Dataset entries:
┄┄┄┄┄┄┄┄┄┄┄┄┄┄┄┄┄┄┄┄
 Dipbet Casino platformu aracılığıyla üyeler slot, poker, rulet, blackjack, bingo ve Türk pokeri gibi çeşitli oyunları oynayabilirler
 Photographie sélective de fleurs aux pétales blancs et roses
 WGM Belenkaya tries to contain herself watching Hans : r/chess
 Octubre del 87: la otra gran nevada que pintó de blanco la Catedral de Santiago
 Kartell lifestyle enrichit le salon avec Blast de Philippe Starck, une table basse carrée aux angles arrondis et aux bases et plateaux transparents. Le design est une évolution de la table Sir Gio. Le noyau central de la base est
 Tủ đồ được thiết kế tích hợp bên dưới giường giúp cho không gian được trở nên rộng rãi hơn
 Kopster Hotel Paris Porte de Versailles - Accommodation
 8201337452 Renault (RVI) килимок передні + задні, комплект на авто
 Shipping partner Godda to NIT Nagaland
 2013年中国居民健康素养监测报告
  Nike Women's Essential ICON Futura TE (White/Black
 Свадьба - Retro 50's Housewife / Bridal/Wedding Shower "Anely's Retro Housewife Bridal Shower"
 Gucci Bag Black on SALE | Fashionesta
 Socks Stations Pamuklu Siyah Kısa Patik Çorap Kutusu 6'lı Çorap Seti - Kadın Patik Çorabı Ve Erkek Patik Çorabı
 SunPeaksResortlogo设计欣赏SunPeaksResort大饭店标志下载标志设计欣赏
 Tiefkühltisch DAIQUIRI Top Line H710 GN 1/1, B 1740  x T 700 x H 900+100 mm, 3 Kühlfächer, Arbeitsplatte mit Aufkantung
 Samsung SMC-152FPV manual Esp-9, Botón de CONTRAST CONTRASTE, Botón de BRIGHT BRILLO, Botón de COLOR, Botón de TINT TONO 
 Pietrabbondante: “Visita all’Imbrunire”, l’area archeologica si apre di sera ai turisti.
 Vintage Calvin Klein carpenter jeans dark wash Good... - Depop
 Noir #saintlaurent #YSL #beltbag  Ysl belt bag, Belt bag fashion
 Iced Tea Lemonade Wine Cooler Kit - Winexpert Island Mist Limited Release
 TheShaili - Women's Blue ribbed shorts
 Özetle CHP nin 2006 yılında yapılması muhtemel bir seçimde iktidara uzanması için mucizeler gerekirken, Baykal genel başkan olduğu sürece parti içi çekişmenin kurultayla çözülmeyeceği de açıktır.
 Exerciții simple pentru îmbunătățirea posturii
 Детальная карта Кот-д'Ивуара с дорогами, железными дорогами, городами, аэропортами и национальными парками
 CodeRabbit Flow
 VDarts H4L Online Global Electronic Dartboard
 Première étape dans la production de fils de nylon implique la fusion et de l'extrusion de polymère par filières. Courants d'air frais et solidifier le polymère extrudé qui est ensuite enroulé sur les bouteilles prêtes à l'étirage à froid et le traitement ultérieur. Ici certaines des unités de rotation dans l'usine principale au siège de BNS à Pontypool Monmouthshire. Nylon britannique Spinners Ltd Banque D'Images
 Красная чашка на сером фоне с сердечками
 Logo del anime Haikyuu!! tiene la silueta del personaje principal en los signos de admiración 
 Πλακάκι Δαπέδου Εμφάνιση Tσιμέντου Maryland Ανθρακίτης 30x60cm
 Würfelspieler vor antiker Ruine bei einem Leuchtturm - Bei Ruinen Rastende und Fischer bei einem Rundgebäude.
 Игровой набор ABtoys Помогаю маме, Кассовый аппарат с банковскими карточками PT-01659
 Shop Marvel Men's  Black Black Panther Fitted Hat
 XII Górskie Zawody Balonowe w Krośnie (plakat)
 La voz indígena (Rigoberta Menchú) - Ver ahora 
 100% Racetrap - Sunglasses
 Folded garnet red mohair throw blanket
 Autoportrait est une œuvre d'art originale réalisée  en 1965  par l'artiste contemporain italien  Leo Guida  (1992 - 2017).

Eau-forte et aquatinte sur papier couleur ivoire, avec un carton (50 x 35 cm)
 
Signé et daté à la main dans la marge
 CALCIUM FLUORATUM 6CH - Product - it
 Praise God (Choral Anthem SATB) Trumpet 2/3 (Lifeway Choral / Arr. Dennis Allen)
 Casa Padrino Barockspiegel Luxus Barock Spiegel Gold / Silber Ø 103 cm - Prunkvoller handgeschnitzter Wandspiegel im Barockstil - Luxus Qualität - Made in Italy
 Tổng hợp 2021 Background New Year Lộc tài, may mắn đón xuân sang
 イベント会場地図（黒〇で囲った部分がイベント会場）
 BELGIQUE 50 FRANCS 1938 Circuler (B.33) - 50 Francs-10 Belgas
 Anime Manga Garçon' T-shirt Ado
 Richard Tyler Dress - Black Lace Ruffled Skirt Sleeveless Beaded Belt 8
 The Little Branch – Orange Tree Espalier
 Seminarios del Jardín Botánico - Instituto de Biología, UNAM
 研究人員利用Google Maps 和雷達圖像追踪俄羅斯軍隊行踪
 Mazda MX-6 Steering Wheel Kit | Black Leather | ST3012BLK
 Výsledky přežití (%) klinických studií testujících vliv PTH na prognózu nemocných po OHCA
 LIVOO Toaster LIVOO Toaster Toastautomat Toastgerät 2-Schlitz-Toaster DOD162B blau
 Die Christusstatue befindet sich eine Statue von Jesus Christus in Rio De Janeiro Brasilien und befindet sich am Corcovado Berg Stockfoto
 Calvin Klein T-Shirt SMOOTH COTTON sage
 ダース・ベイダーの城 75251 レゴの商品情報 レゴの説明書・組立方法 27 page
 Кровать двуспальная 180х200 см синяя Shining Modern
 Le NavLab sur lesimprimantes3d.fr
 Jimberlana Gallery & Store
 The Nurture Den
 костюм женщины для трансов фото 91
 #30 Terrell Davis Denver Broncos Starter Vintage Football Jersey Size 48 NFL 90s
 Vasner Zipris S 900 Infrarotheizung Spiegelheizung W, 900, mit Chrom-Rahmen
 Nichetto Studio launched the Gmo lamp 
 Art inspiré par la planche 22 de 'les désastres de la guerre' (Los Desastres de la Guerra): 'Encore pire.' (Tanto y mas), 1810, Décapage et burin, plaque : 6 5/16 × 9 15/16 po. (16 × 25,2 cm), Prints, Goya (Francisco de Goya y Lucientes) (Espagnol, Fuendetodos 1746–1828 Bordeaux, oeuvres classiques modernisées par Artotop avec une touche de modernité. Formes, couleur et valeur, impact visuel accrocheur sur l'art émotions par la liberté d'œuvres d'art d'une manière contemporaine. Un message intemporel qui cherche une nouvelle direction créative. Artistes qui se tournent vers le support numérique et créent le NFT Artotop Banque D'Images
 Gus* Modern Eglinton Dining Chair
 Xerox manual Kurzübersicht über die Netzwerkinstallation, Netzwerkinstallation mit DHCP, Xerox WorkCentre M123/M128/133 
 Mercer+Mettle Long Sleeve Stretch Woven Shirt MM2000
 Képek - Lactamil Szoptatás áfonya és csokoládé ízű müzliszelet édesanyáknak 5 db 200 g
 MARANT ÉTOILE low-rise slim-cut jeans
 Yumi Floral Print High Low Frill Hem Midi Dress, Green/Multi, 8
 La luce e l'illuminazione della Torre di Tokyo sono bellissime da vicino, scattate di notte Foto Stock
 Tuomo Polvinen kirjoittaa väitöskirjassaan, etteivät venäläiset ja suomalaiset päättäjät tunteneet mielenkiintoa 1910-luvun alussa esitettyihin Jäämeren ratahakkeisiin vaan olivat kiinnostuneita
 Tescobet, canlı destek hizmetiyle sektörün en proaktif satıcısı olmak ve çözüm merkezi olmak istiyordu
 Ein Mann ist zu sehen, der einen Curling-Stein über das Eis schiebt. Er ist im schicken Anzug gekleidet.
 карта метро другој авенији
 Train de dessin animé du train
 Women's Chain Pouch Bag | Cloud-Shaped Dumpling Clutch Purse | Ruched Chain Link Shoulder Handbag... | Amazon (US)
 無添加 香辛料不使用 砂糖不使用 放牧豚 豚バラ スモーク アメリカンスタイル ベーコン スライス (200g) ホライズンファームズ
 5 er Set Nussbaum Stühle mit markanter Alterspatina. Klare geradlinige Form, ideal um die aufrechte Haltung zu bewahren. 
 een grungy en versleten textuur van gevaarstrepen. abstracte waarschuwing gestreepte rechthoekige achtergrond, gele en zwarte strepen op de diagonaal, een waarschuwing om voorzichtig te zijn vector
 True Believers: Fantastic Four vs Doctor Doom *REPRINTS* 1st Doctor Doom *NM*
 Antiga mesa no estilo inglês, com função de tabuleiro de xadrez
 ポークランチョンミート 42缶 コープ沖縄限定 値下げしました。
┄┄┄┄┄┄┄┄┄┄┄┄┄┄┄┄┄┄┄┄
* _Assigned task_: From the opening line of the data above through the line holding "Tiefkühltisch DAIQUIRI Top", give every line again exactly as it stands.

* _Solution to the exercise_:
 Dipbet Casino platformu aracılığıyla üyeler slot, poker, rulet, blackjack, bingo ve Türk pokeri gibi çeşitli oyunları oynayabilirler
 Photographie sélective de fleurs aux pétales blancs et roses
 WGM Belenkaya tries to contain herself watching Hans : r/chess
 Octubre del 87: la otra gran nevada que pintó de blanco la Catedral de Santiago
 Kartell lifestyle enrichit le salon avec Blast de Philippe Starck, une table basse carrée aux angles arrondis et aux bases et plateaux transparents. Le design est une évolution de la table Sir Gio. Le noyau central de la base est
 Tủ đồ được thiết kế tích hợp bên dưới giường giúp cho không gian được trở nên rộng rãi hơn
 Kopster Hotel Paris Porte de Versailles - Accommodation
 8201337452 Renault (RVI) килимок передні + задні, комплект на авто
 Shipping partner Godda to NIT Nagaland
 2013年中国居民健康素养监测报告
  Nike Women's Essential ICON Futura TE (White/Black
 Свадьба - Retro 50's Housewife / Bridal/Wedding Shower "Anely's Retro Housewife Bridal Shower"
 Gucci Bag Black on SALE | Fashionesta
 Socks Stations Pamuklu Siyah Kısa Patik Çorap Kutusu 6'lı Çorap Seti - Kadın Patik Çorabı Ve Erkek Patik Çorabı
 SunPeaksResortlogo设计欣赏SunPeaksResort大饭店标志下载标志设计欣赏
 Tiefkühltisch DAIQUIRI Top Line H710 GN 1/1, B 1740  x T 700 x H 900+100 mm, 3 Kühlfächer, Arbeitsplatte mit Aufkantung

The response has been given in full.